Sustenance: A Triptych

Amy Holwerda



Beyond the cross on the streets of Kreutzberg, Turkish men stand on corners rubbing fingers over grease-splattered aprons outside their kebab stands. Meat hangs in the windows as lines of customers watch butchers shave slivers of lamb from the joint with an electric knife.

When I walk past their shops or see them smoking thin cigars on the street corner, the men whistle, purring like tigers with fresh fish, and I cannot remember the words verpiss dich, piss off. They offer me crispy pita slathered with garlic yogurt and purple cabbage. When I do not refuse, they lean in close across the counter, breathing stale smoke into my mouth, their stares consuming me. They trace greasy fingers down the length of my arm, testing me, knowing I am too stubborn to look away.


I am healthy until the day my lips turn blue and the breath threads thin as fish bone from my lungs. When I wake, the doctor presses cold metal against my skin. He asks me questions I don’t understand until later, when my sister translates the German. I want to say the pain is sharp, like a sword in the side. Like lungs collapsing under weight. Words are difficult. Like breath. Like the promise of death.

On our way home from the emergency room we buy half a rotisserie chicken from the stand around the corner. The man behind the counter plucks a toasted bird from the spit and separates one leg, one wing, and half the breast with one quick chop of his cleaver. He slides it all into a brown paper bag with napkins but no cutlery. I pull strings of juicy meat from the bones with my fingers, still shaking from the medicine that restarted my breathing.


A man’s body is crumpled on the side of the road, near the flashing street sign that orders us to gehen, gehen. Walk. A mass of shouting people rifle through his wallet, flip him over, press their lips onto his, but it is clear that he is far past saving. I fight the urge to run through the crowd and place my fingers on his skin, to trace them down the length of his white neck and over his arms, to rest in the centers of his limp palms.

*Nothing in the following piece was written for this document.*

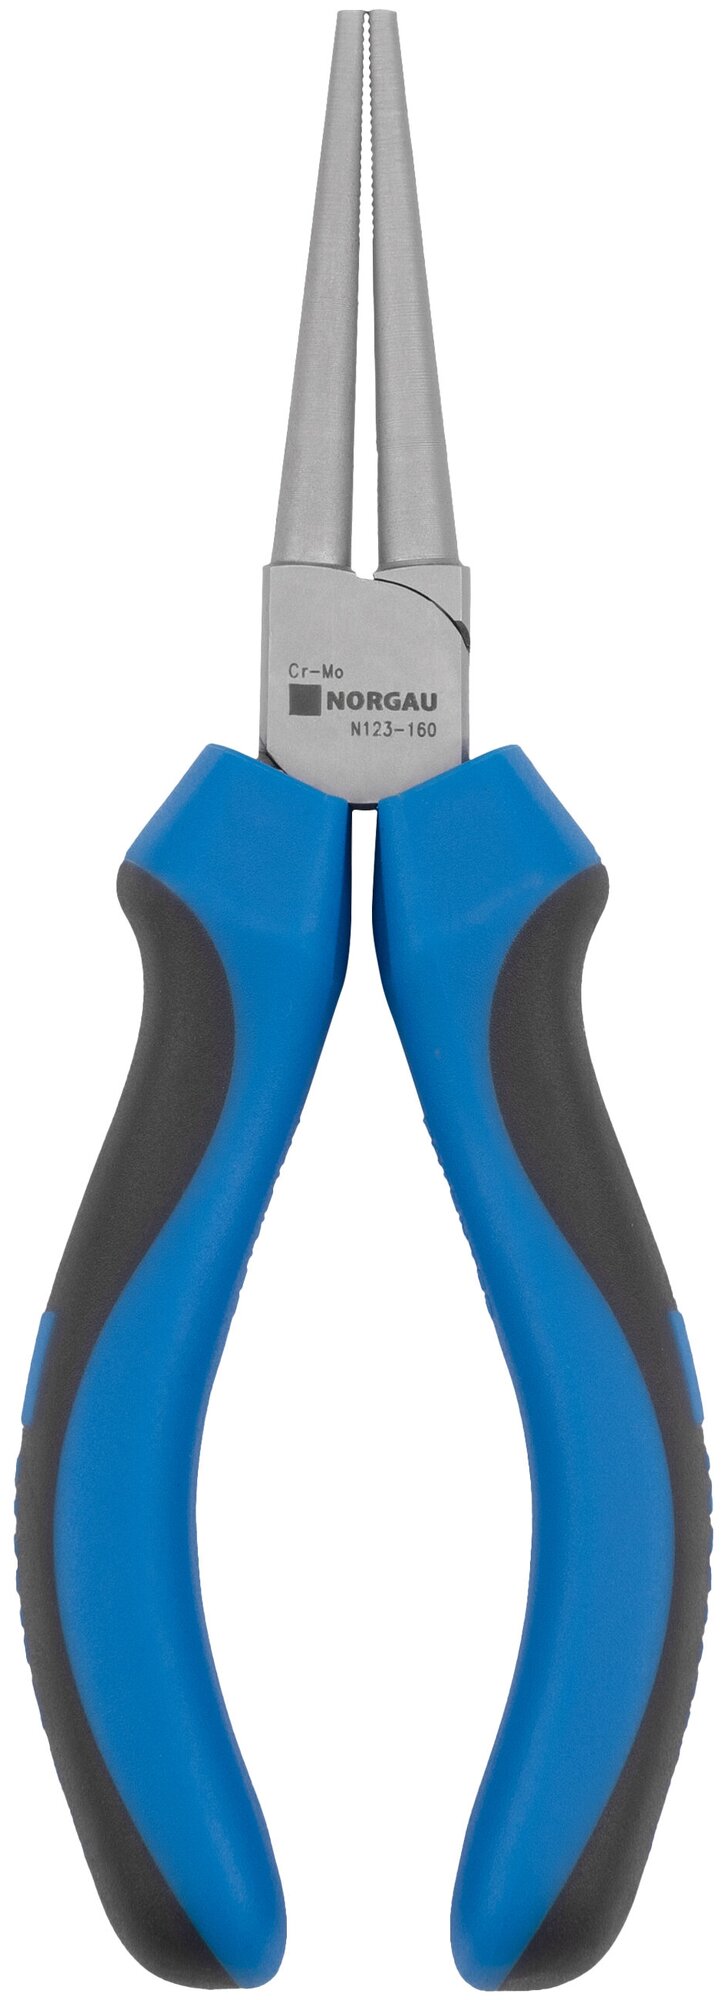 Круглогубцы NORGAU Industrial из Cr-Mo стали с двухкомпонентными рукоятками и диаметром губок 2.5 мм профессиональные длина 160 мм

Across the street, we order what has been hailed the best sushi in the city. We order without thinking, whatever they have, because we cannot swallow our shaking voices or the sake that threatens to roll back up our throats. It was once salmon, eel, octopus, but is now bodies flayed open: dead, raw, cold. When it arrives at our table someone notes that when sushi is really good, the flesh leaves no lingering flavor on your tongue.